What I find disturbing is how SJWs have no concept of forgiveness, what could be more "Antichrist" than that considering Christ was all about forgiveness?


----------



## DocHoliday1977 (Nov 11, 2019)

Social justice warriors build their premise on fighting  repetitive social institutions put in place to abuse people.
If you agree to continually abuse people and hate being outed about it....I doubt you are sorry for your actions and want to be forgiven.


----------



## Notgoodwithusernames (Nov 11, 2019)

That's a possibility. We could currently be in the end times. However it's also possible that it will start a year from now, or 10 years, 100, 1000, and so on and so forth you get the idea. I've learned it's best not to fret over when it will happen. The end times will occur when they occur and there's nothing I can do to prevent it. The best I can do is live my life while doing my best to follow the lord's teachings.



Dom Cruise said:


> What I find disturbing is how SJWs have no concept of forgiveness, what could be more "Antichrist" than that considering Christ was all about forgiveness?



Here's my take on the anti christ: It's not a person or even a system: it's an idea. The beasts described in revalation are just the final incarnations of that idea. The SJWs could be that final form but it's also possible that it could simply be another cycle.


----------



## mr.moon1488 (Nov 11, 2019)

I hope so since only 144,000 Jews aren't gonna get the oven according to Revelations 7.


----------



## Niggernerd (Nov 11, 2019)

The world can never end, the first flame is still kindled.


----------



## maalikthefakemuzzie (Nov 11, 2019)

Yes it will happen WW3 is coming and hopefully you will own a revolver of some kind.


----------



## Spooky Bones (Nov 11, 2019)

Luther also attempted to remove James* (for obvious reasons; he called it "ein recht strohiger Epistel mit keine evangelische Art," BTW, not really the way one had ought to speak of Scripture) Why? Because it is quite inconvenient for Lutheranism (or rather, Luther's deviant readings of Paul and Augustine), as are parts of the Deuterocanon (prayers for the dead in Maccabees, for instance.) This should really tell you all that you need to know. Your insistence on using the Hb. form of Our Lord's name is also rather troubling and indicative of a spirit of feeling awfully special about yourself wholly outside of historicity. Why do we call him "Jesus", an anglicization of a Latinization of a Hellinization of the Hebrew name? Because so is the history of how the Gospel came to us; in a way that's actually kind of a beautiful historical continuity contained in the simple fact of the name, whereas the ahistoricity of reinserting the Hebrew name into translations of Greek texts is symptomatic of an ahistorical hermenuetic of "Jesus and me, alone" and "my interpretation of Scripture," which is unbelievably poisonous. Disconnect from history and Church is disconnect from Christ, period.

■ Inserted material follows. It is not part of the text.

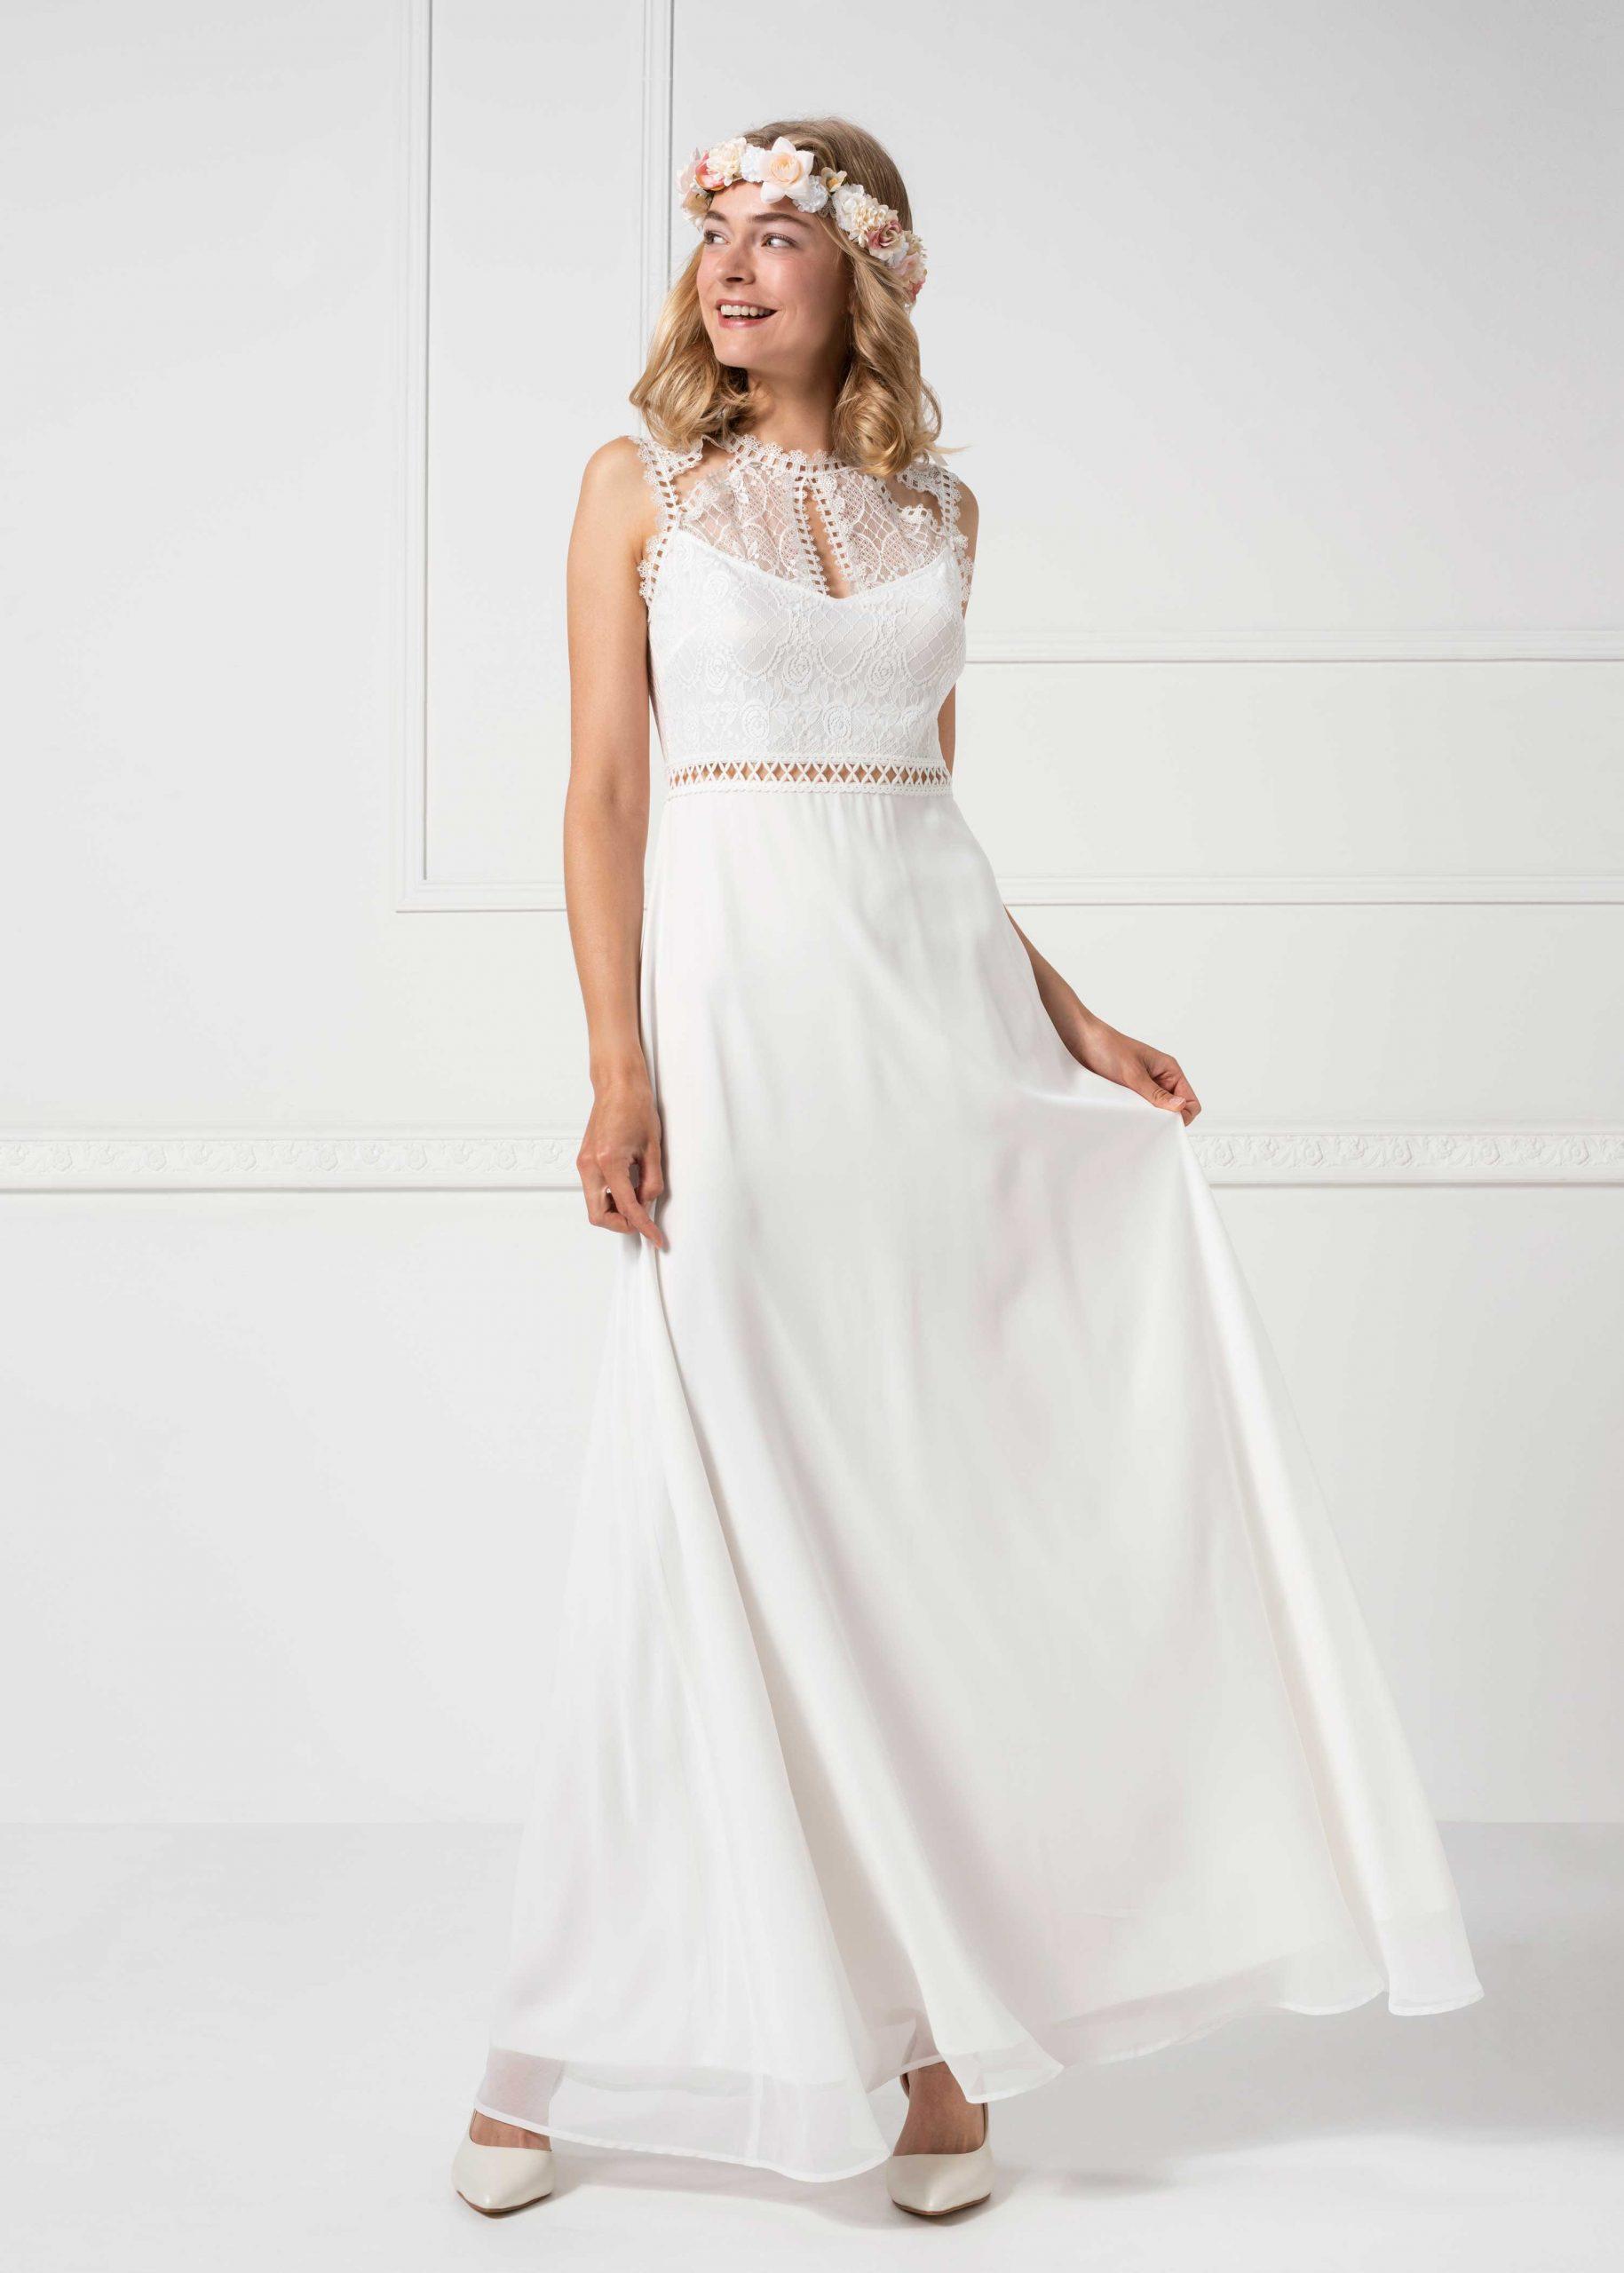 10 Luxurius Weise Brautkleider Boutique15 Genial Weise Brautkleider Spezialgebiet

*and Apocalypse, for that matter, since we're on the subject. Also Ep. to the Hebrews.

BTW _Cathy Don't Go (to the Supermarket) _is a pretty nice pop arrangement (which also was produced in Spanish and Japanese) but is a product of The Family International (cf. "flirty fishing/God's whores", dedicated and prolific child-raping, etc.) Shared personell with the band Girls and Fleetwood Mac who left the music industry in favor of joining the cult.

PPS The Rapture is treble-autistic and unbiblical and an extremely dangerous heresy because it leads to complacency among believers; [hyper]dispensationalism (which is necessitated by it) is also an ahistorical and unchristian joke (ask me about how Zionist Jews funded the Scofield study Bible; the commentary of which was written by a dissolute lawyer with no theological training.)


----------



## DocHoliday1977 (Nov 11, 2019)

RLS0812 said:


> Yeshua said a lot of things, yet left it up to us simple mortals to "intemperate" the holy scriptures . If it is as simple as following the teachings of * JUST * Yeshua, as written, most of the book is irrelevant than can can be purged .
> Heck, *Martin Luther removed 7 books from the Bible* after he founded the protestant christians --- let's remove more !!!

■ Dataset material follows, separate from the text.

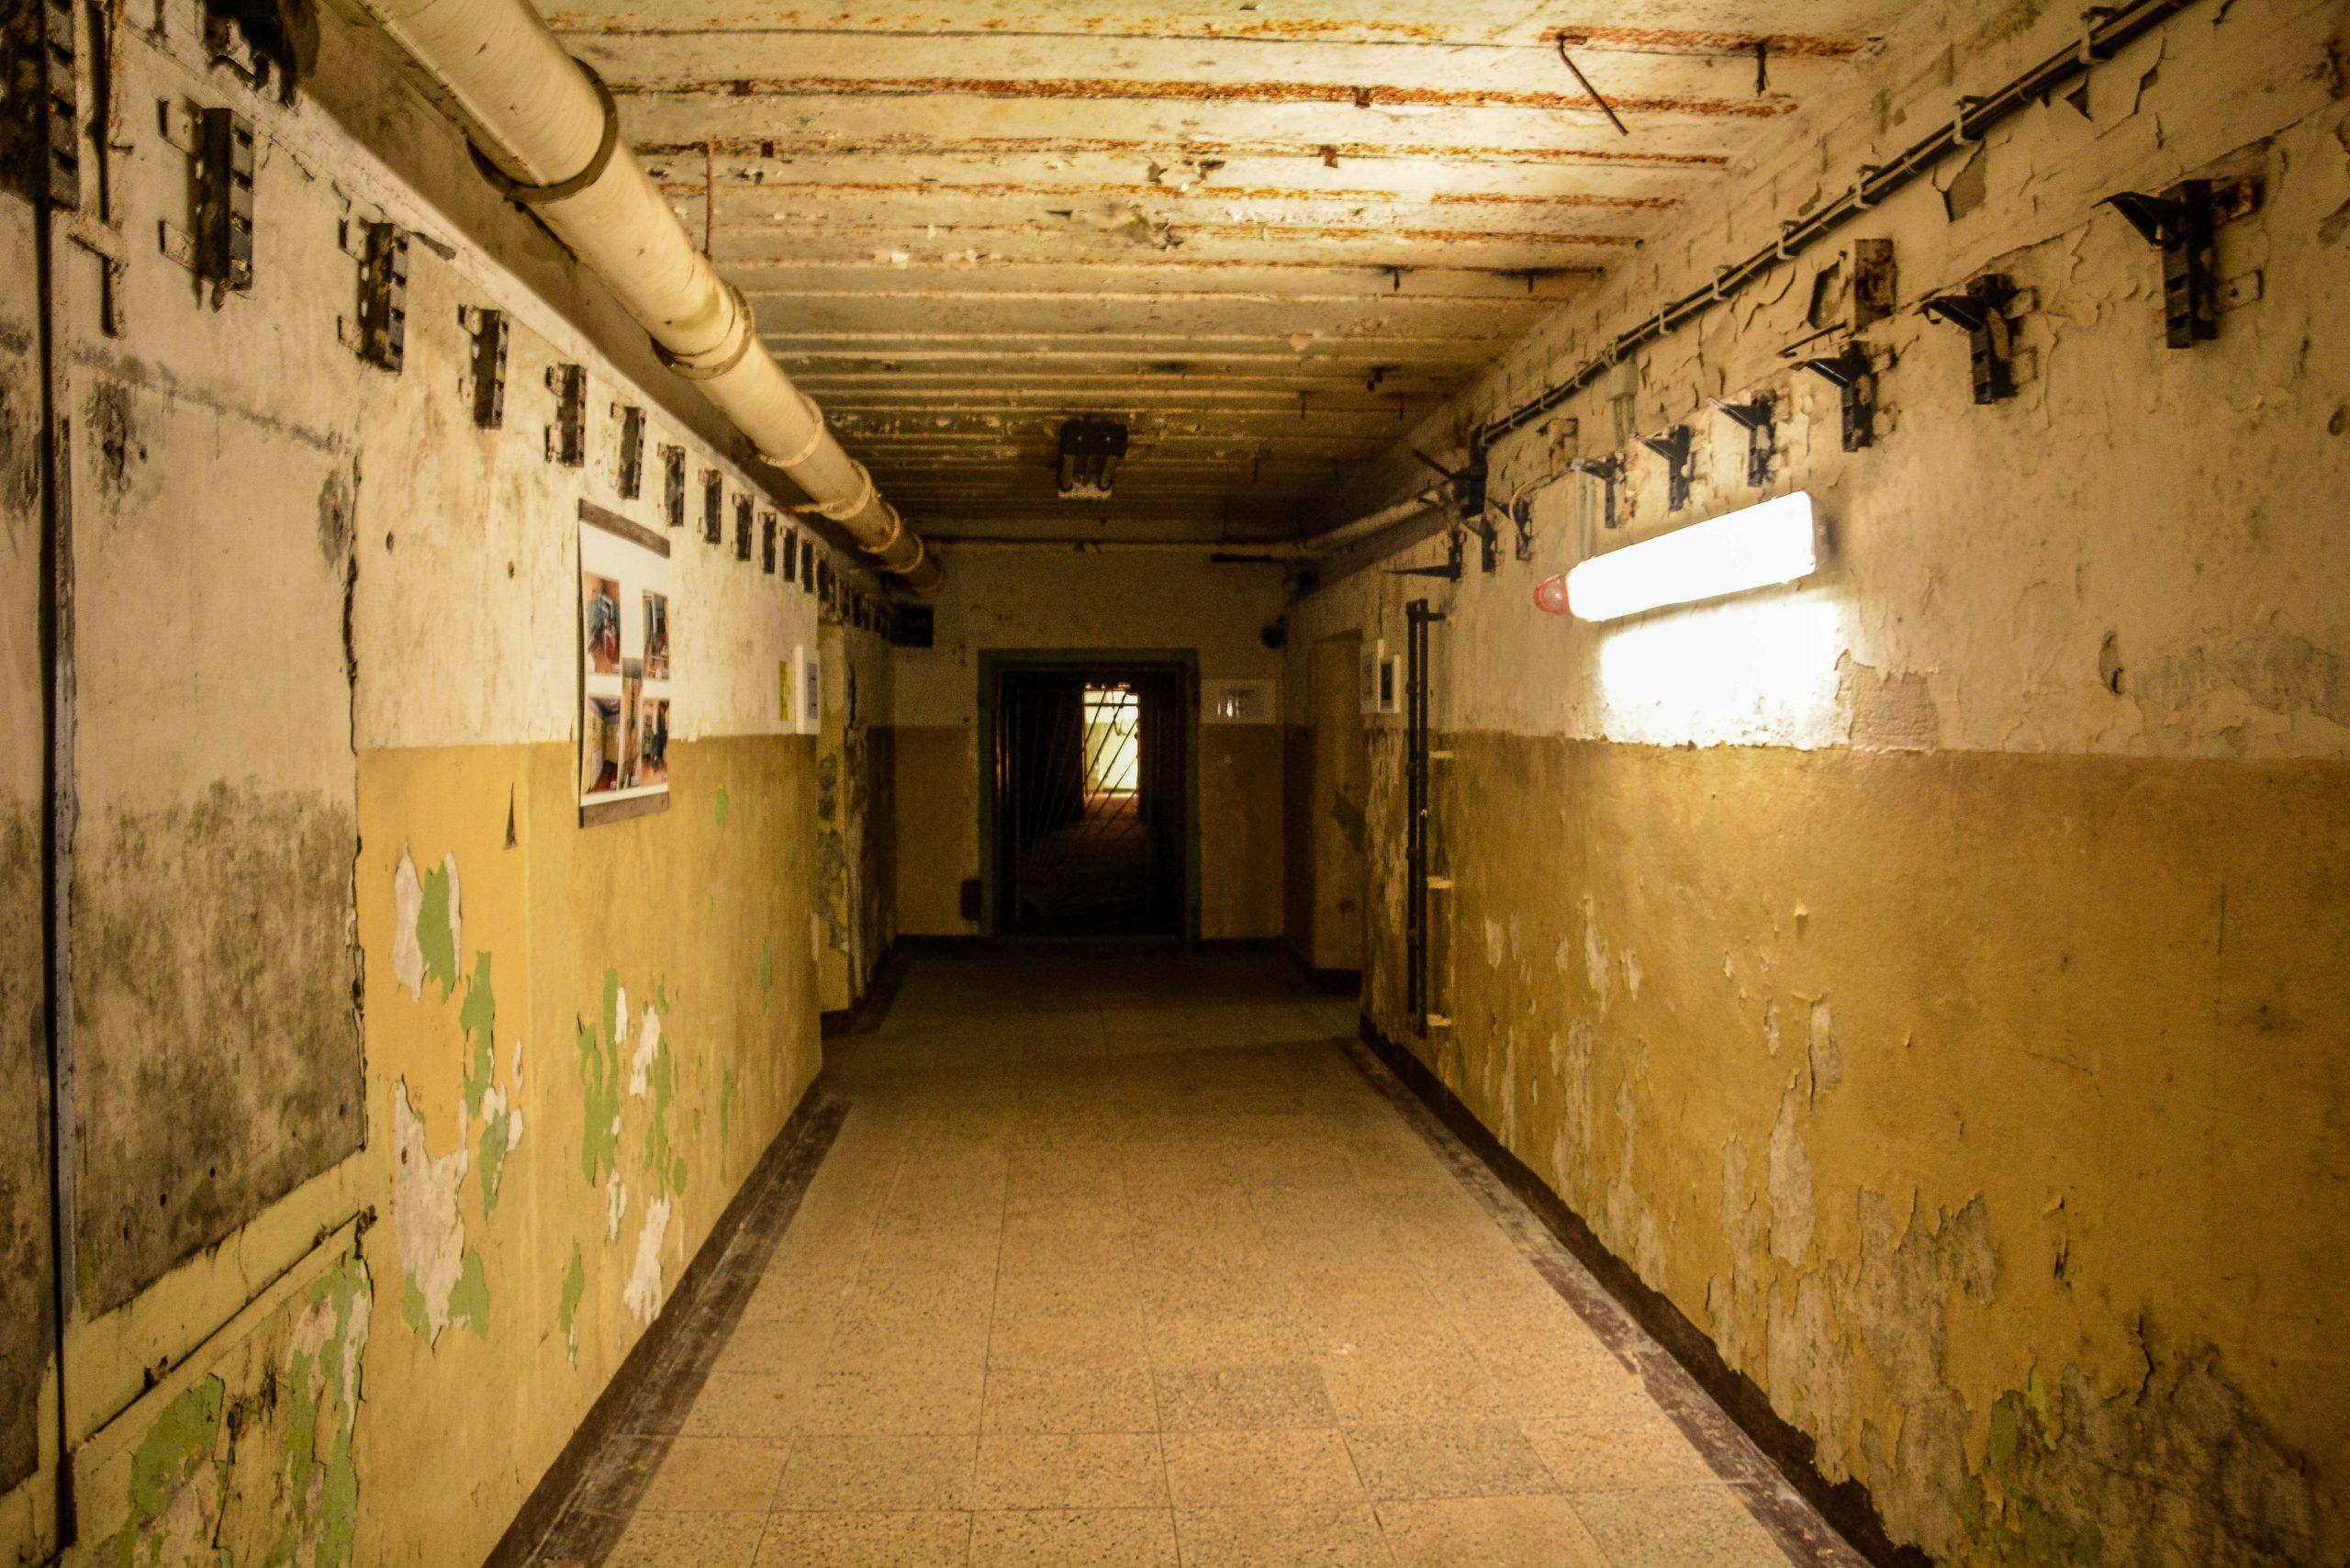 bunker untergrund tunnel flur bunker zeppelin amt 500 maybach bunker ranet wehrmacht sowjet soviet military zossen brandenburg germany lost palces urbex abandoned

Hence sending the Holy Spirit. 

Trust in the Lord with all the heart and lean not into thy own understanding.


----------



## DocHoliday1977 (Nov 11, 2019)

RLS0812 said:


> .... AKA "*trust your feelings*"
> Do I really have to post the videos of the pastor who convinced his congregation to eat grass to get closer to god ?

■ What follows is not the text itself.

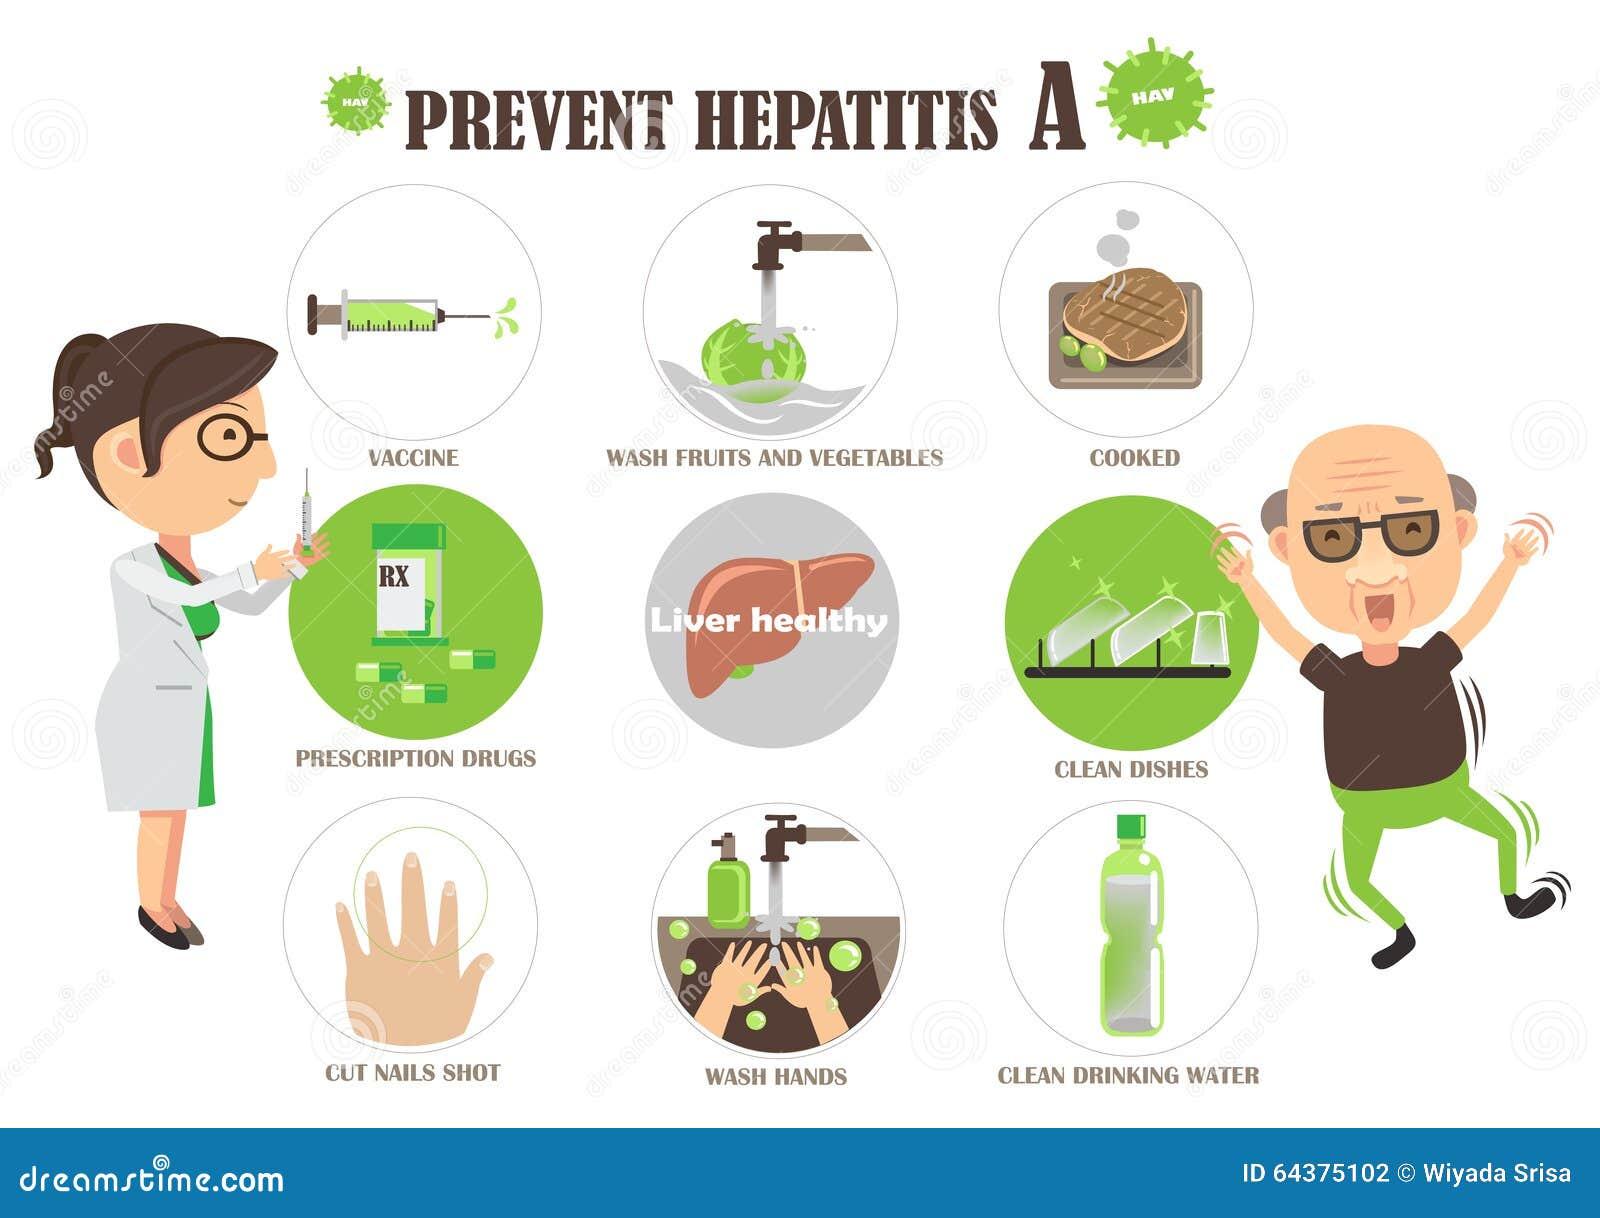 How to Prevent Hepatitis C

Pastors who convince people to eat he's a or handle snakes parents true Christians.

That's a lack true understanding of God and His words and meaning. The Holy Spirit doesn't do stupid shit.

Correction
Pastors who teach people to eat grass or handle snakes aren't true Christians.

They're like Tony Robbins and fags like him.


----------



## ToroidalBoat (Nov 11, 2019)

Theologians (like Emmanuel Swedenborg  -- 1688-1772, pronounced like "sve-den-bor-yuh") may claim the book of Revelations is a spiritual allegory for a change into a new spiritual state.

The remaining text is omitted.